Exercise objective | Below are records with pictures. Reproduce exactly the lines from the line with "Twenty 4 Seven" to the line with "klassiek vespa scooter", inclusive, and leave each picture out.
(Beginning of Records provided)
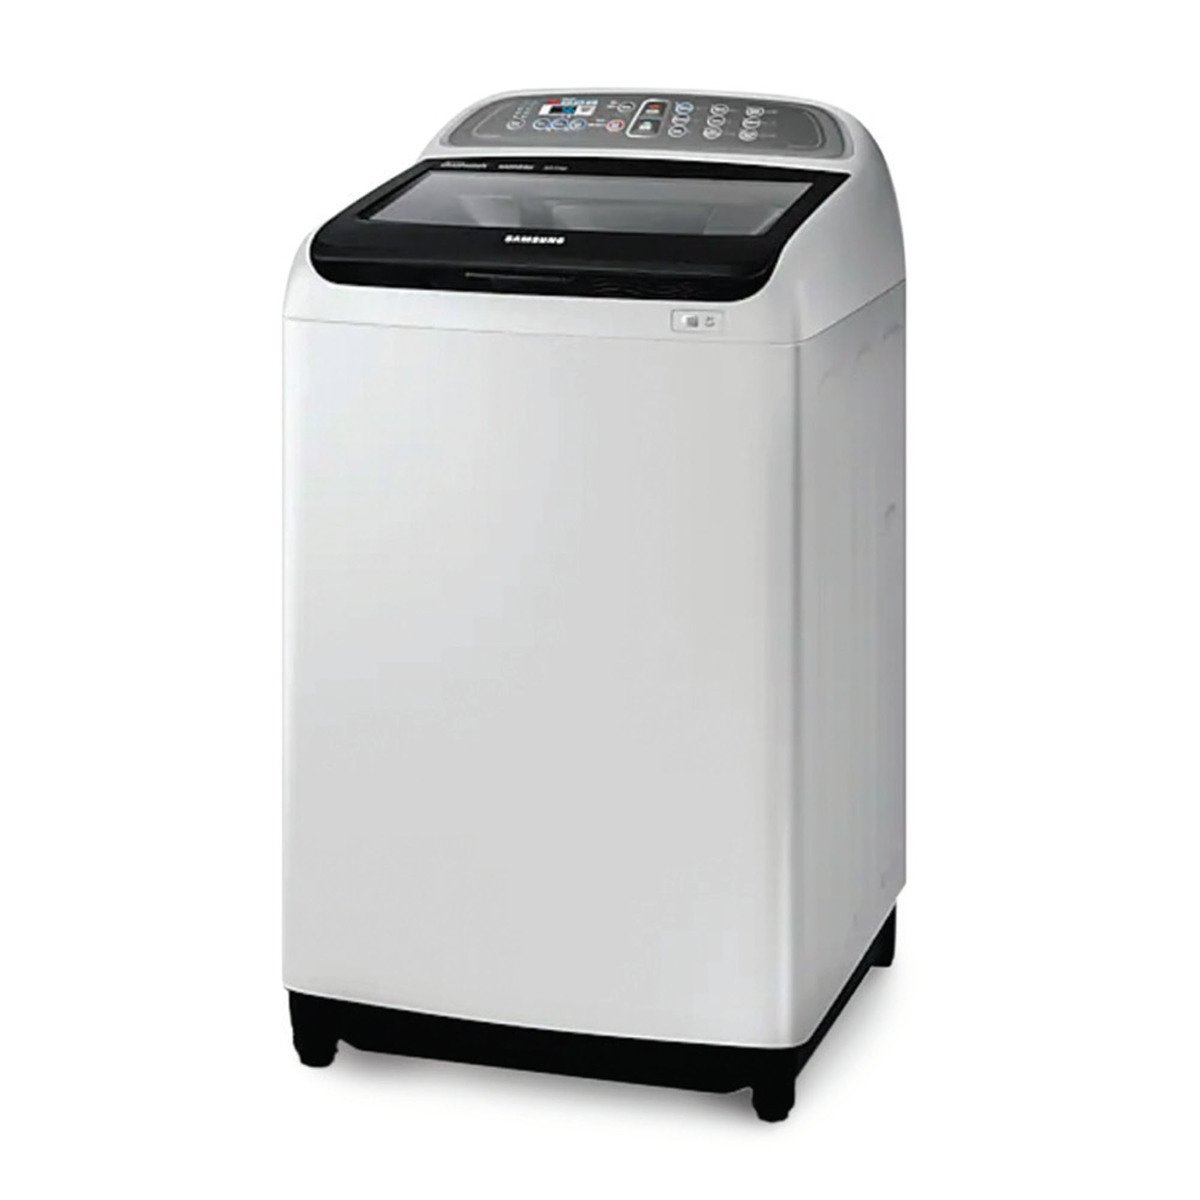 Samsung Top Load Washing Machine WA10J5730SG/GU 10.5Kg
(End of Records provided)
(Beginning of Records provided)
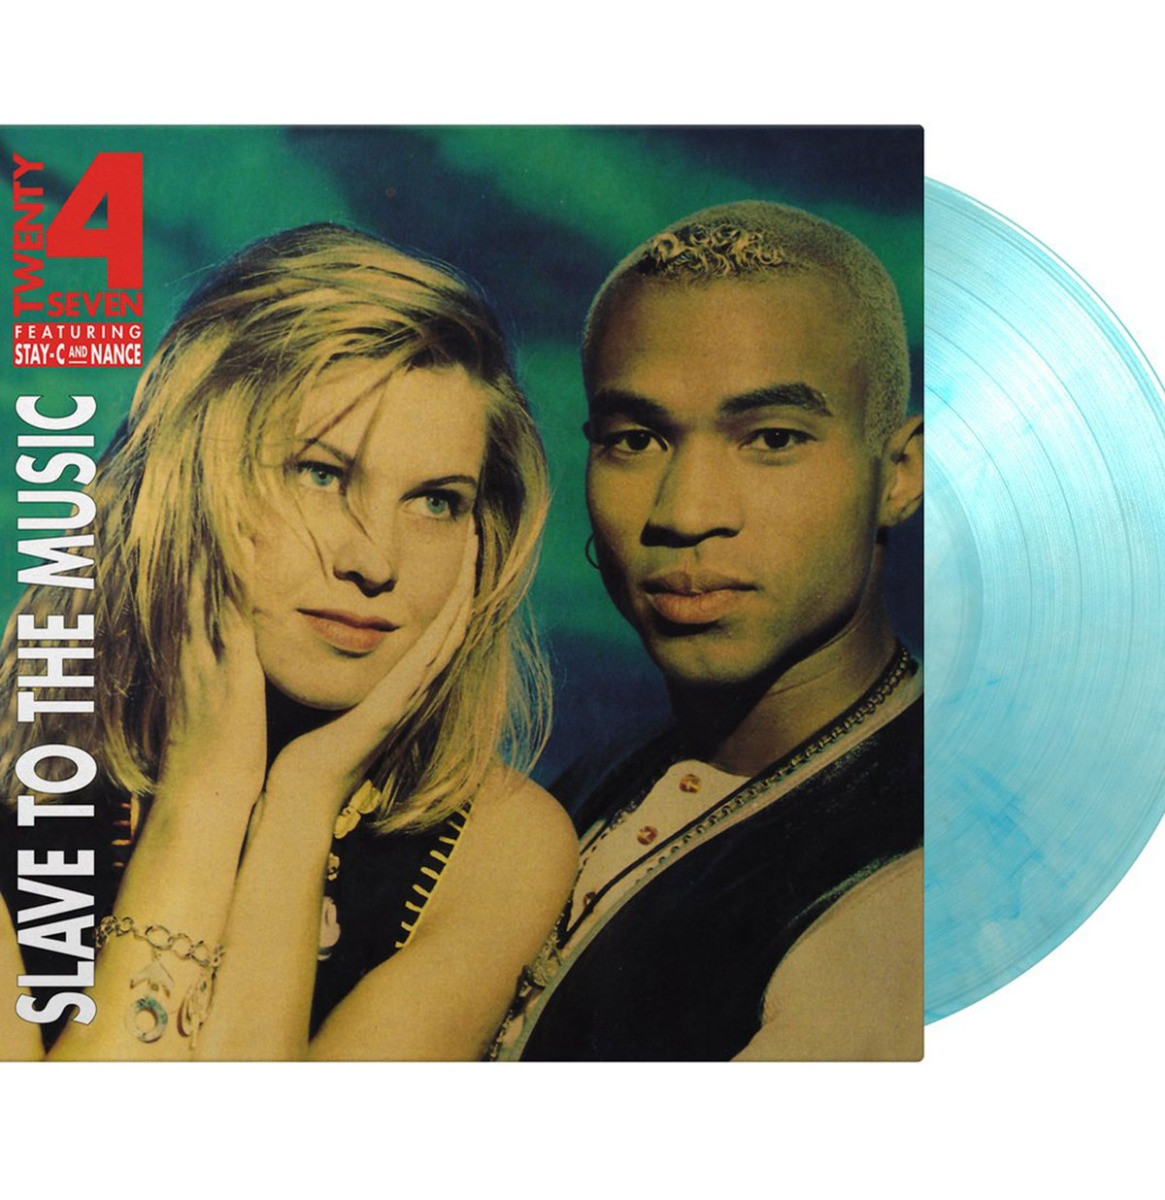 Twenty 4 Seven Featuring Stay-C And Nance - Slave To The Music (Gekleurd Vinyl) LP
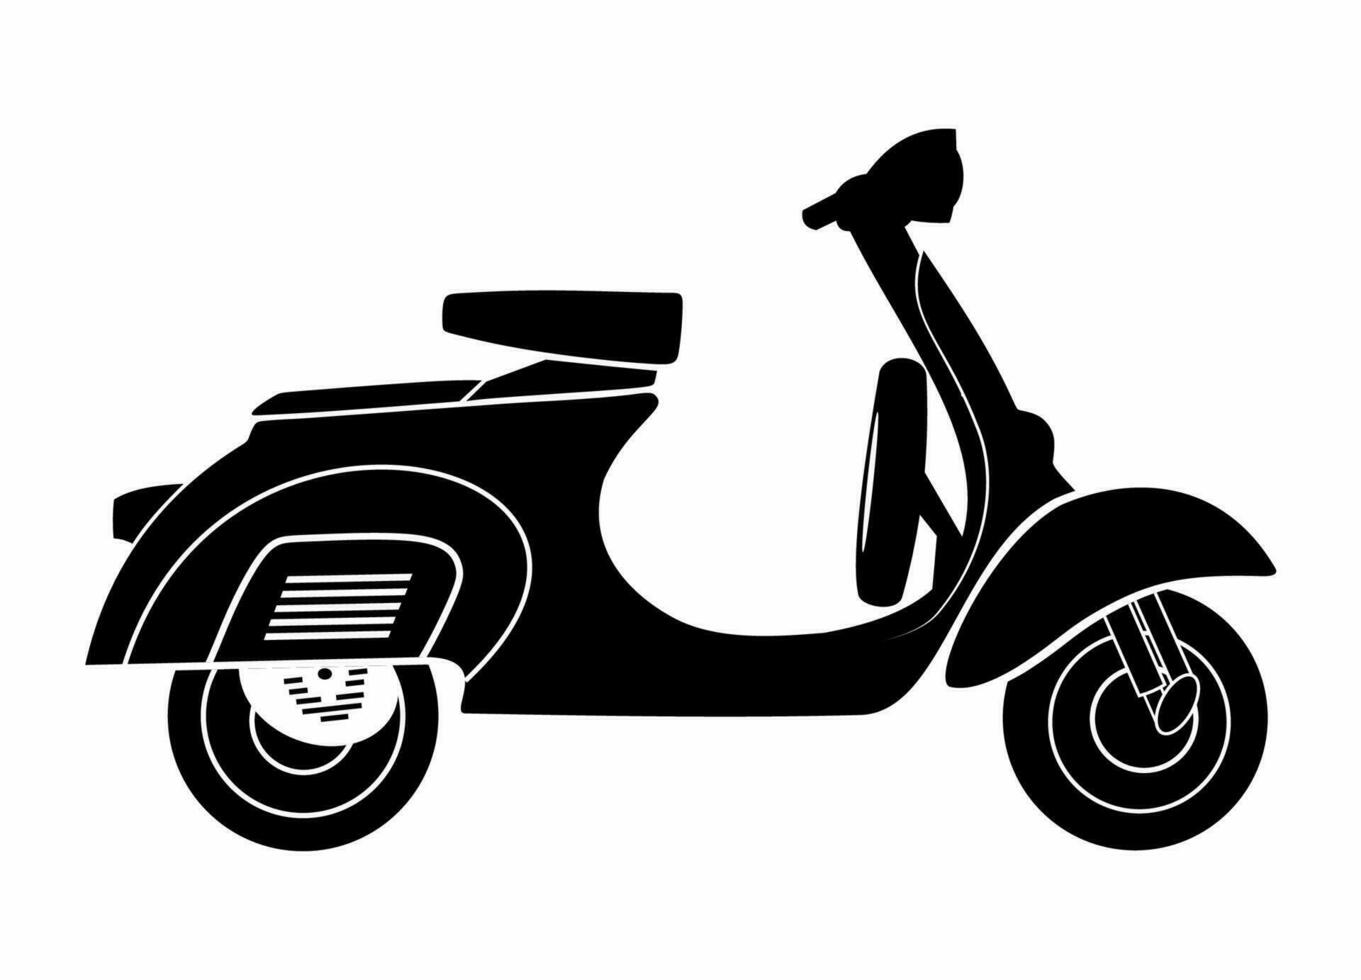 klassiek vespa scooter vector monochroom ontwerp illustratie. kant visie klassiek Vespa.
(End of Records provided)
(Beginning of Records provided)
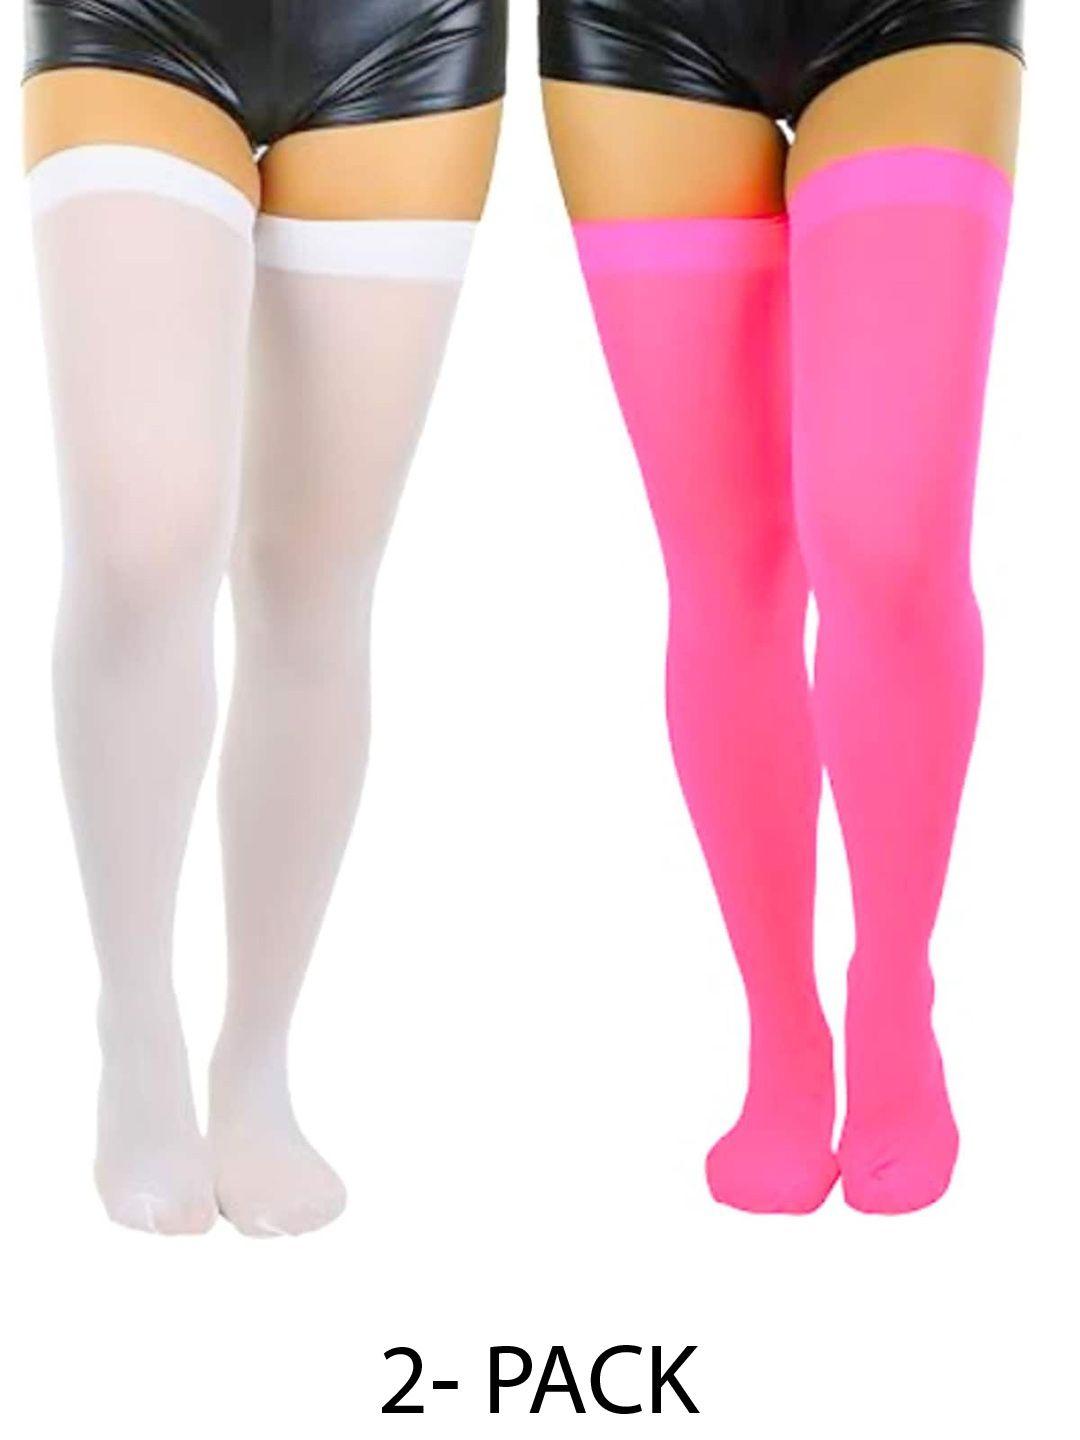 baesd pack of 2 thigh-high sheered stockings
(End of Records provided)
Solution for this task |
 Twenty 4 Seven Featuring Stay-C And Nance - Slave To The Music (Gekleurd Vinyl) LP
 klassiek vespa scooter vector monochroom ontwerp illustratie. kant visie klassiek Vespa.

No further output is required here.